• **DATASET EXTRACT**:
*** Block opens ***
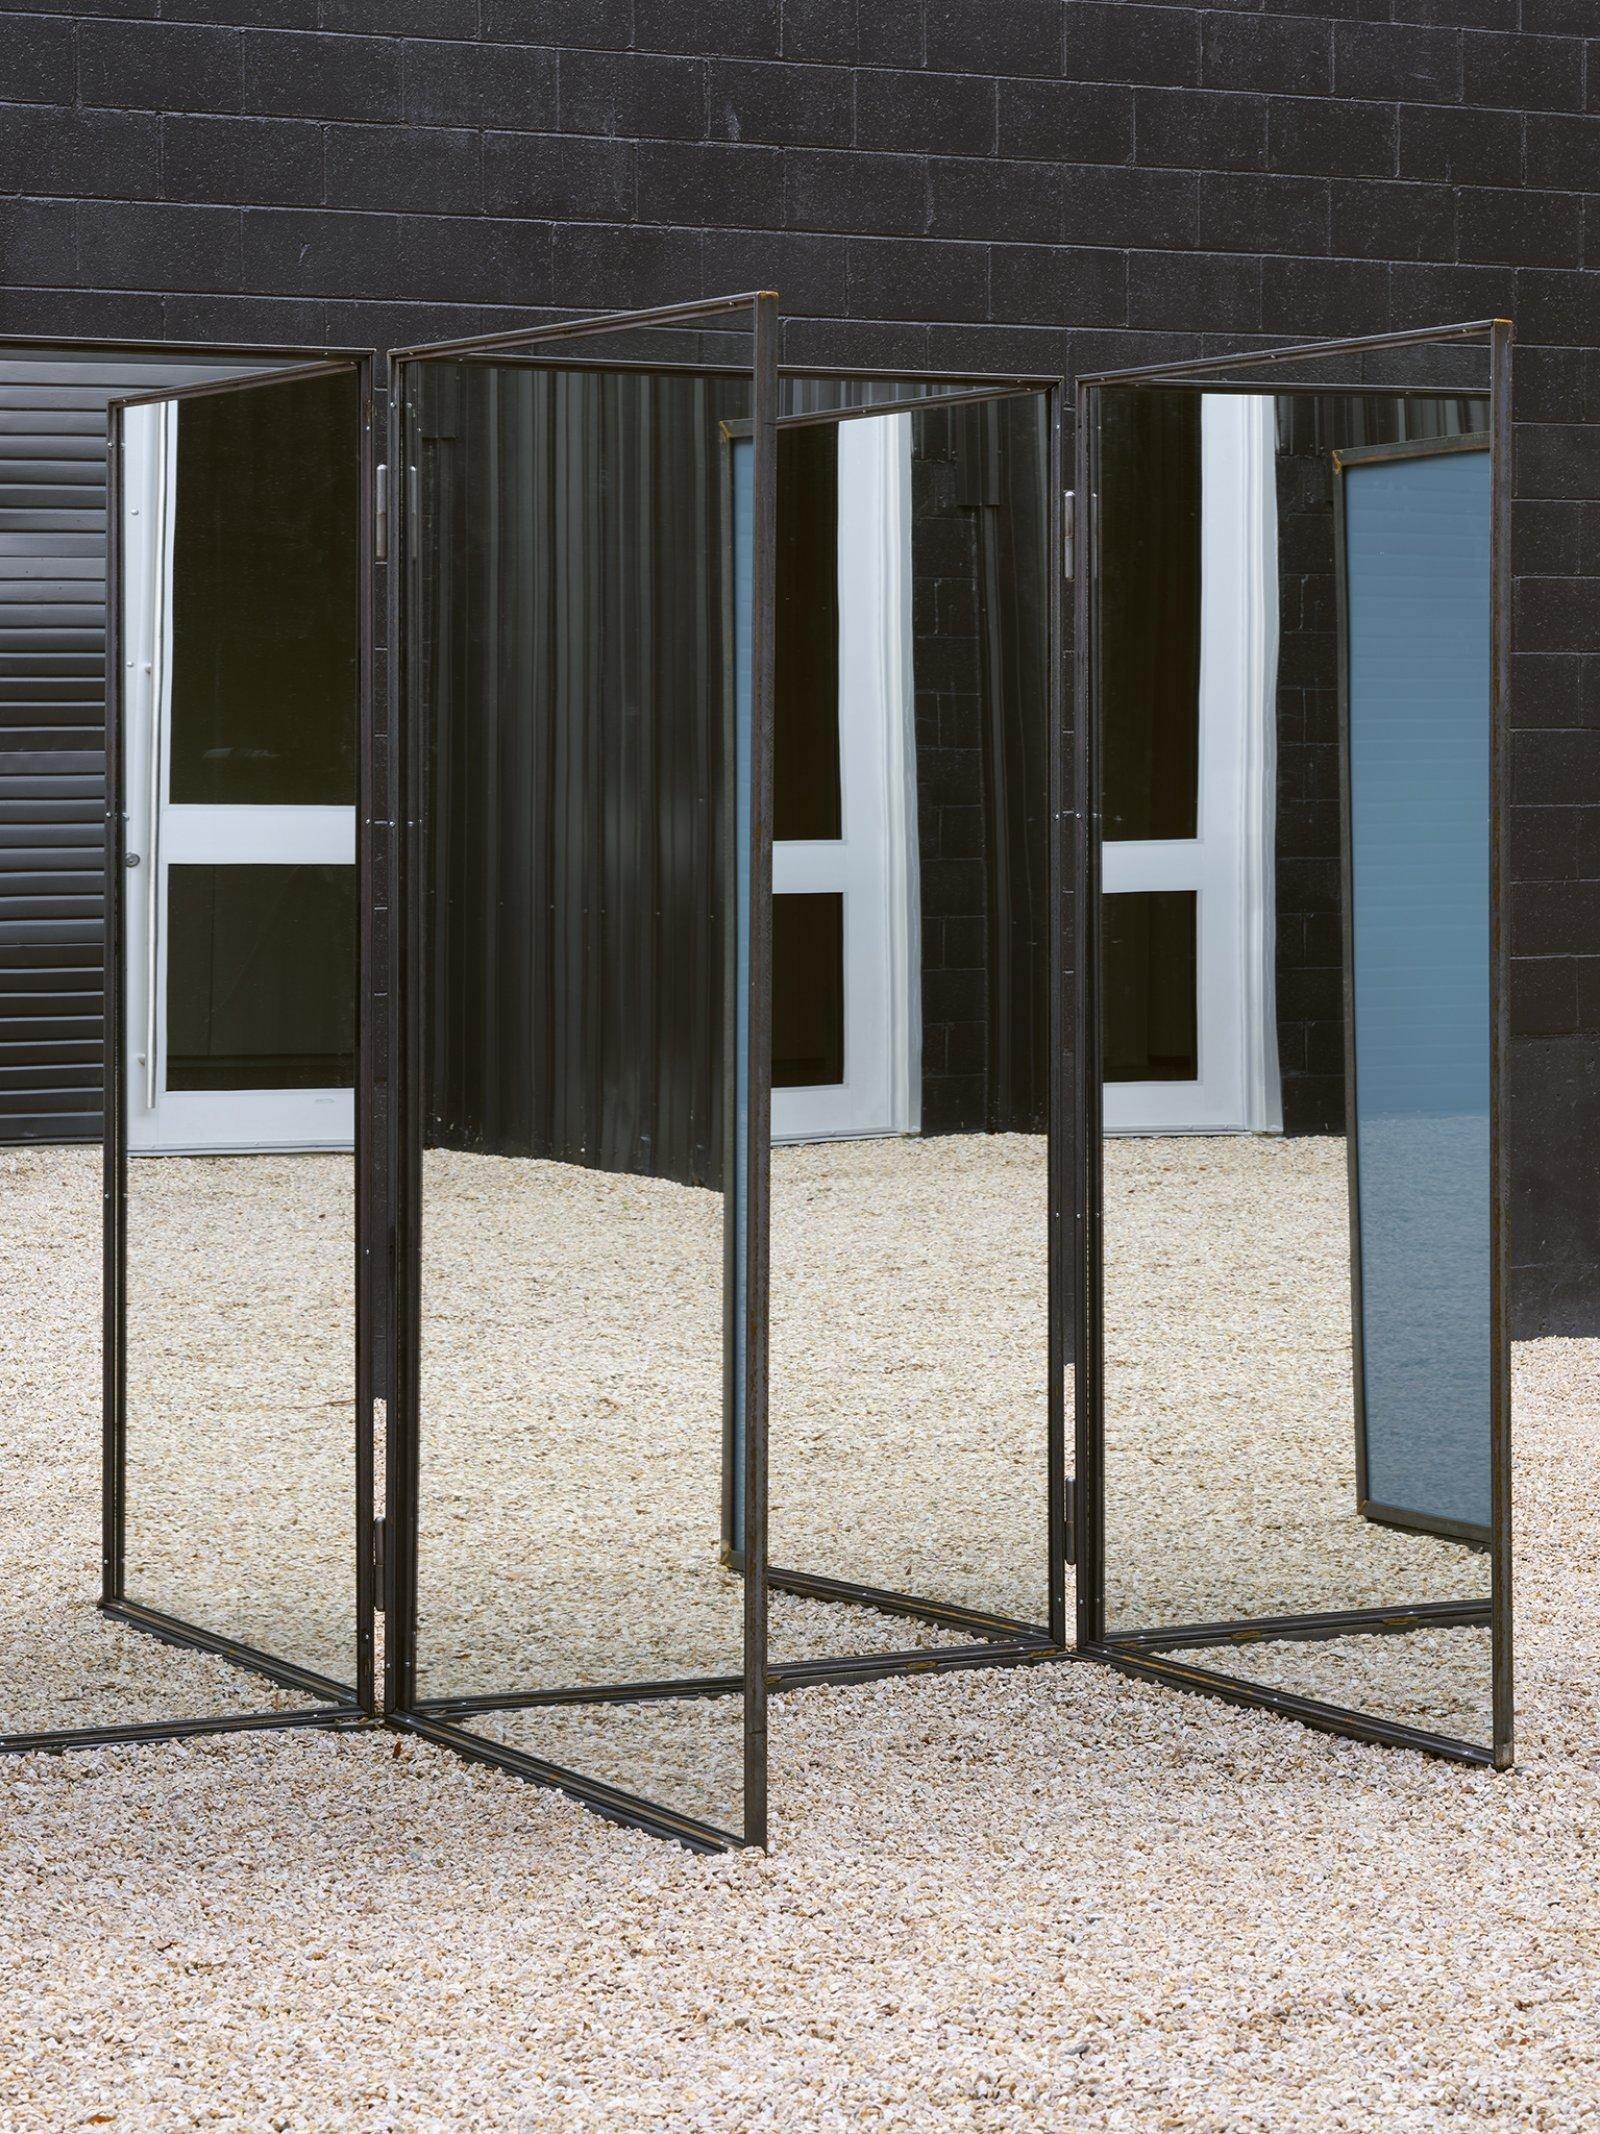 Abbas Akhavan, Trough (detail), 2019, steel, mirrors, 84 x 150 x 48 in. (213 x 380 x 122 cm) by Abbas Akhavan
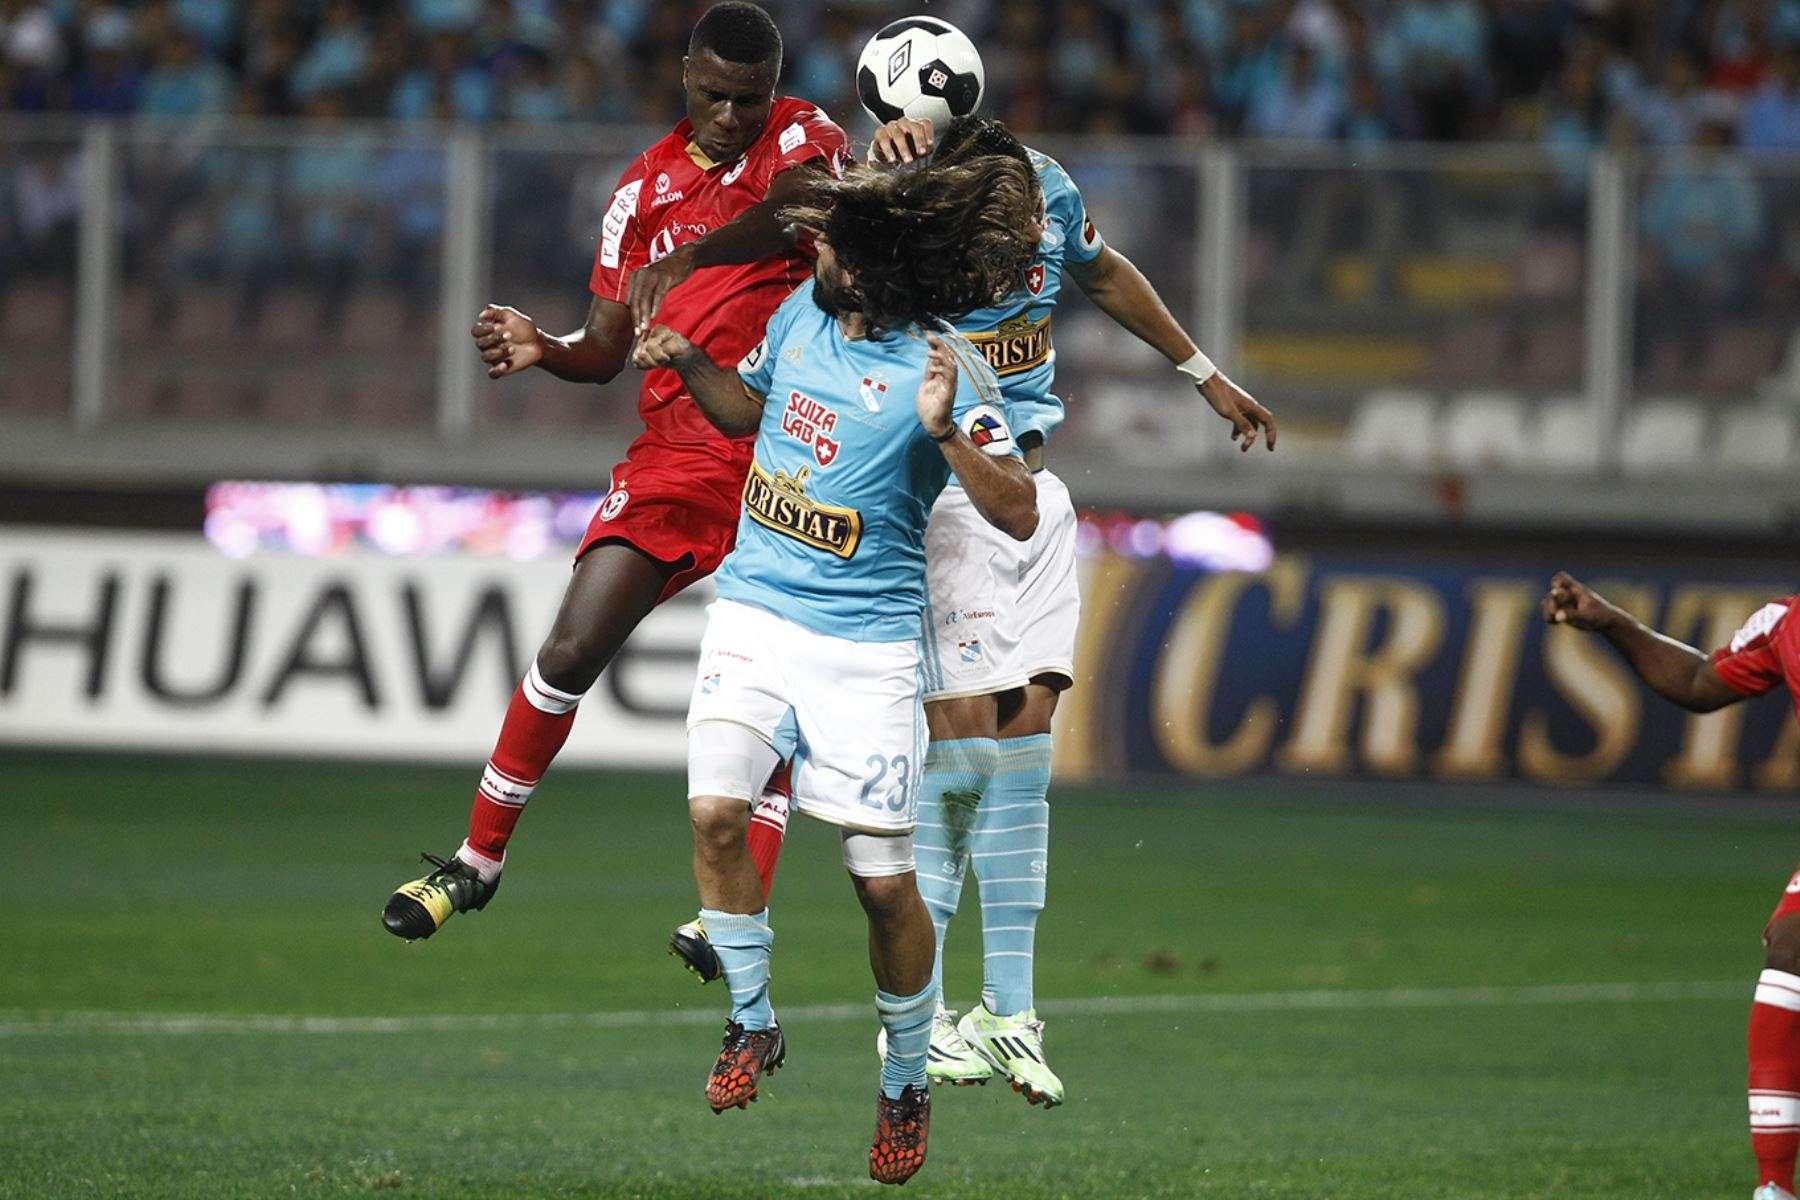 Christian Ramos pelea el balón con Jorge Cazulo. Foto: Andina
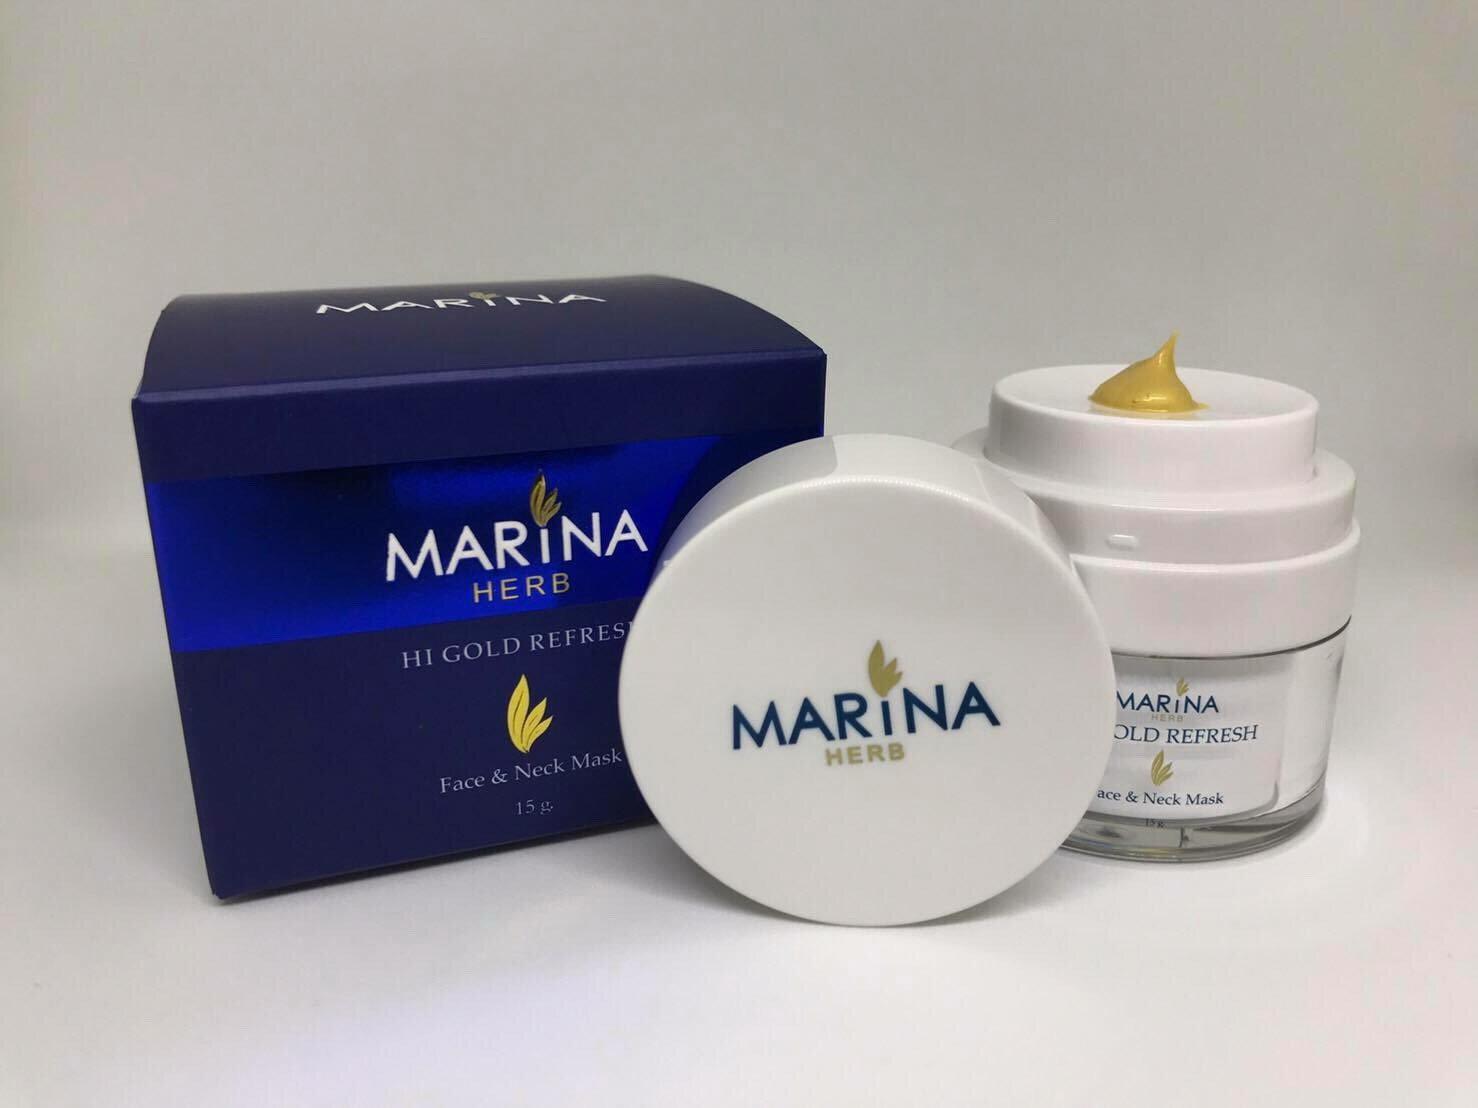 มารีน่า ครีมทองคำ ไฮ โกลด์ รีเฟรช Marina Hi Gold Refresh Cream
*** Block closes ***
• **TASK DETAILS**:
From the line that holds "Christian Ramos pelea" to the last line of the data, return those lines exactly and nothing else; both ends count, and pictures stay out.

• **REPLY**:
 Christian Ramos pelea el balón con Jorge Cazulo. Foto: Andina
 มารีน่า ครีมทองคำ ไฮ โกลด์ รีเฟรช Marina Hi Gold Refresh Cream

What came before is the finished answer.